Chivalry is Dead.. On the Internet

The internet has changed the way society connects, communicates and channels information. Free speech and encouraging differing opinions to be expressed is an avenue that can enrich and empower the way individuals view issues and topics of the world. Of course this utopian view of the internet does have some minor problems. A balancing act on public forums is adamant. Are the public allowed to say whatever they want to whoever they want with no responsibility taken for their actions? Or are guidelines and regulations necessary to moderate the conversation? If so does this limit the capability of free speech?
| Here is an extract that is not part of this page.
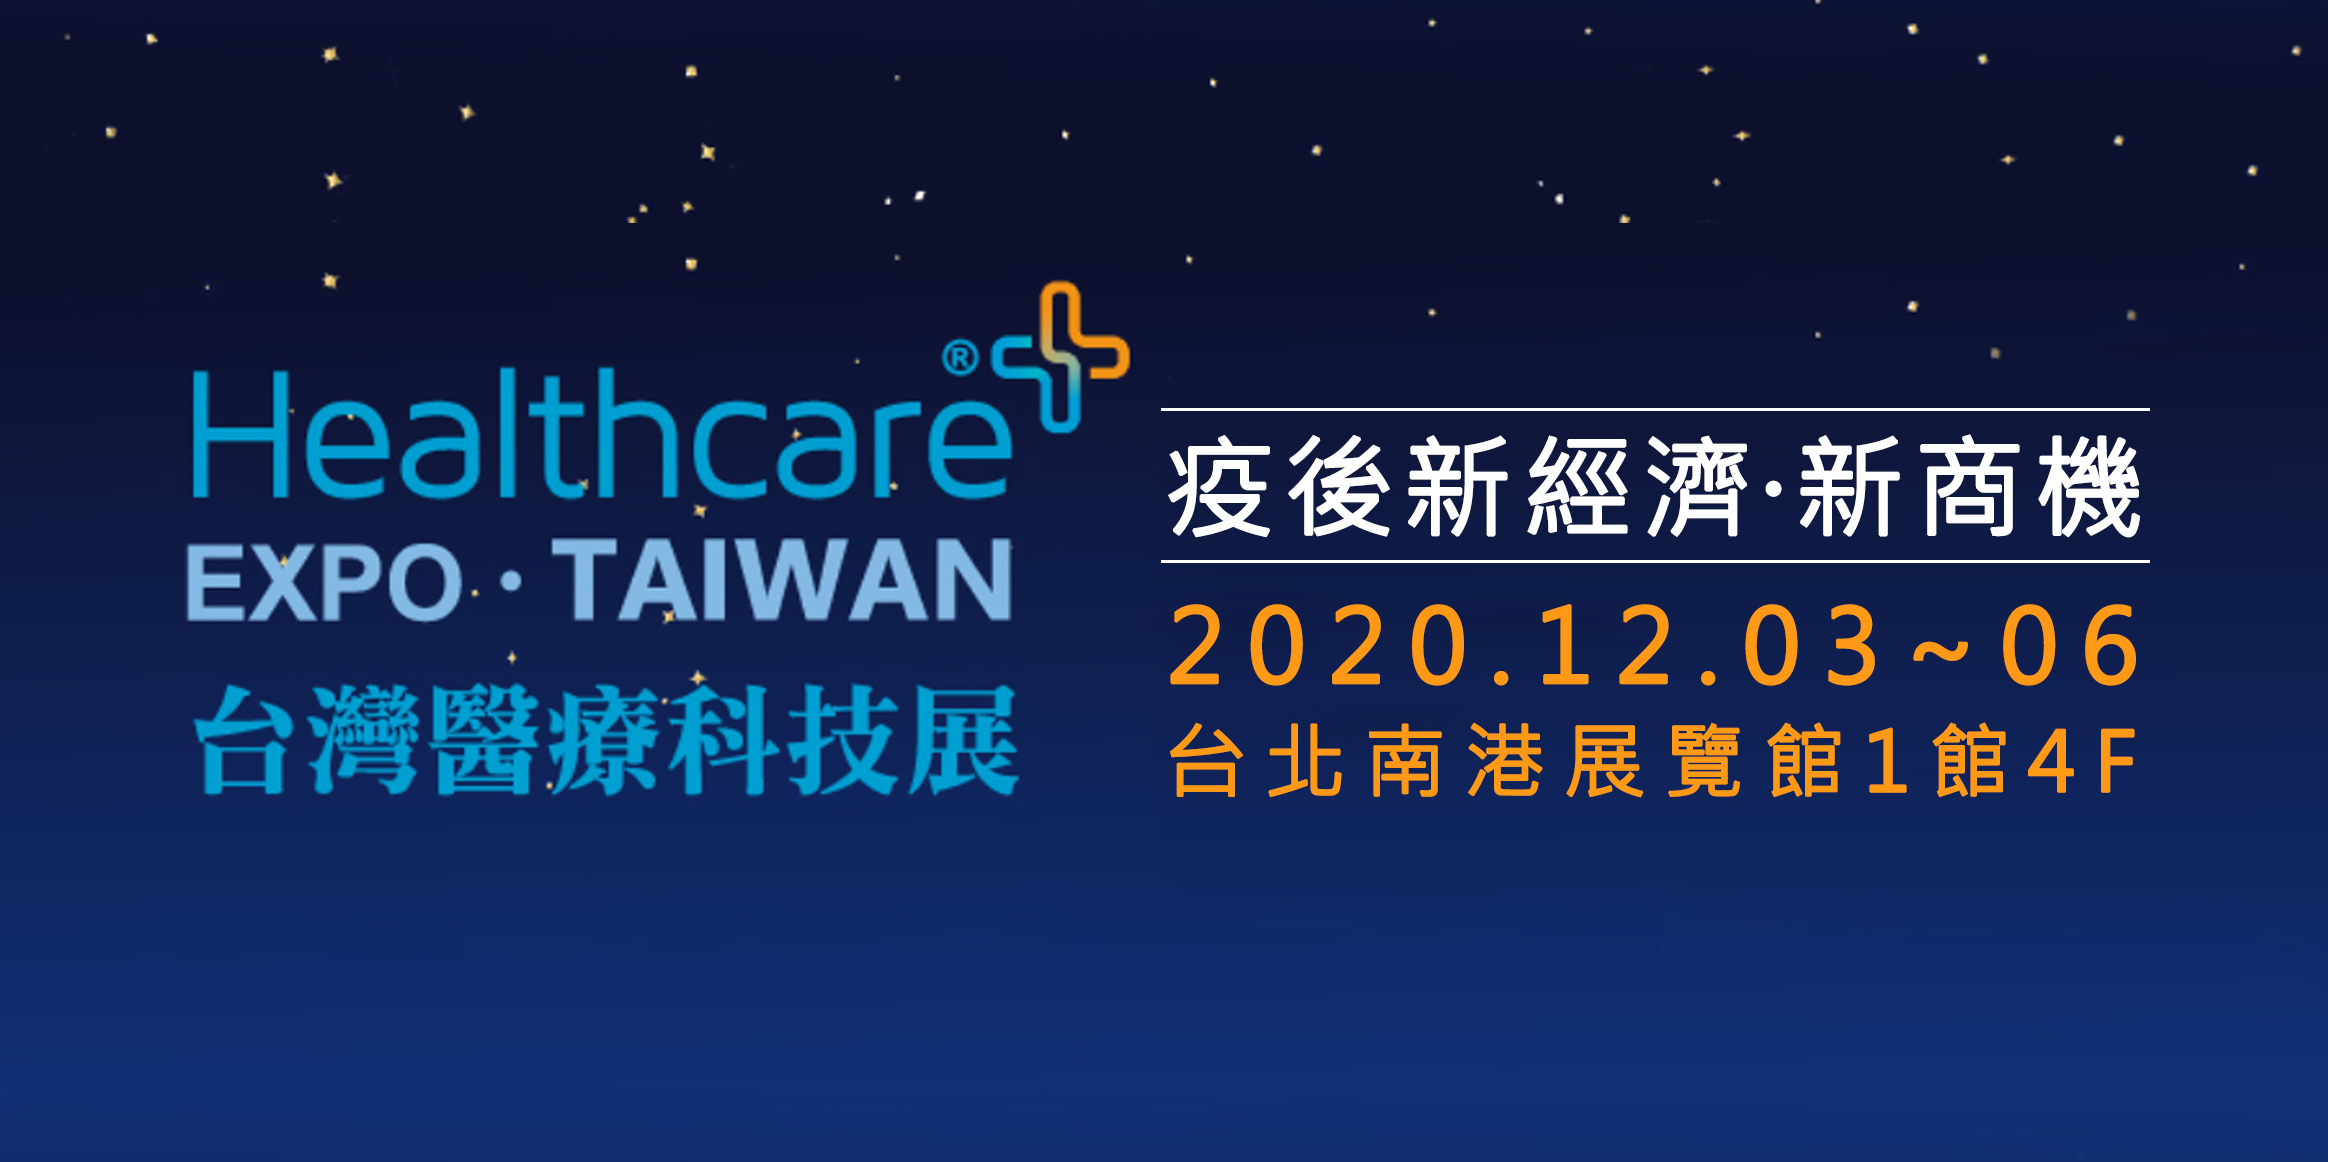 台灣醫療科技展-超極生技於2020年12月03日至06日與映通一起參加台灣醫療科技展，推廣全球首創、免校正酸鹼檢測系統。

The ethics and moderation of online conversation is an emerging issue in media and communication as the morals and discourses of face-to-face interaction are not seen behind the keyboard. This can lead to challenges such as bullying, trolling and a lack of civility. General Counsel for Twitter, Alex Macgillivray, believes the internet should remain a “unique place for civil conversation” and that Governments need to preserve the “wonderful engine of free expression that it is.” Many stakeholders such as social media activists are optimistic in their statements seen in The Guardian’s article about moderating the conversation online, agreeing it is not promoting violence and bullying. However this is not always the case, as some areas of cyberspace can provoke uncivilised conversation and a ‘cesspool’ of unwanted knowledge.

Fiona Martin (2012) argues there is perceived risks such as spamming, abuse and privacy issues if the internet is not moderated in some way. As unregulated speech increased Martin saw signs of a rise in trolling and the personal safety of users in a public forum was at a greater risk. In some circumstances, moderating the conversation can inhibit free speech and the flow of a debate, but if not monitored carefully it can also deter users from giving their opinion. Unregulated material can “discourage newbies” from using a forum. The narrative disclosure and dominative individuals, who use threatening phrases and words, can deter people from using the forum in a ‘chilling effect.’ Participation and democracy are values of conversation which online communication provides. Regulation of online forums begins with the responsibility taken by the individual and the assumed etiquette that should be followed.      Lauren Northover


References –

Halliday, J. 2012, “Free Speech Haven or Lawless Cesspool – Can the Internet be Civilised?” Battle for the Internet, The Guardian, UK.
Martin, F. 2012, “Vox Populi, Vox Dei: ABC Online and the Risks of Dialogic Interaction,” Histories of Public Service Broadcasters on the Web, Editors; Brugger, N. and Burns, M. New York, Peter Lang, pp. 177-192.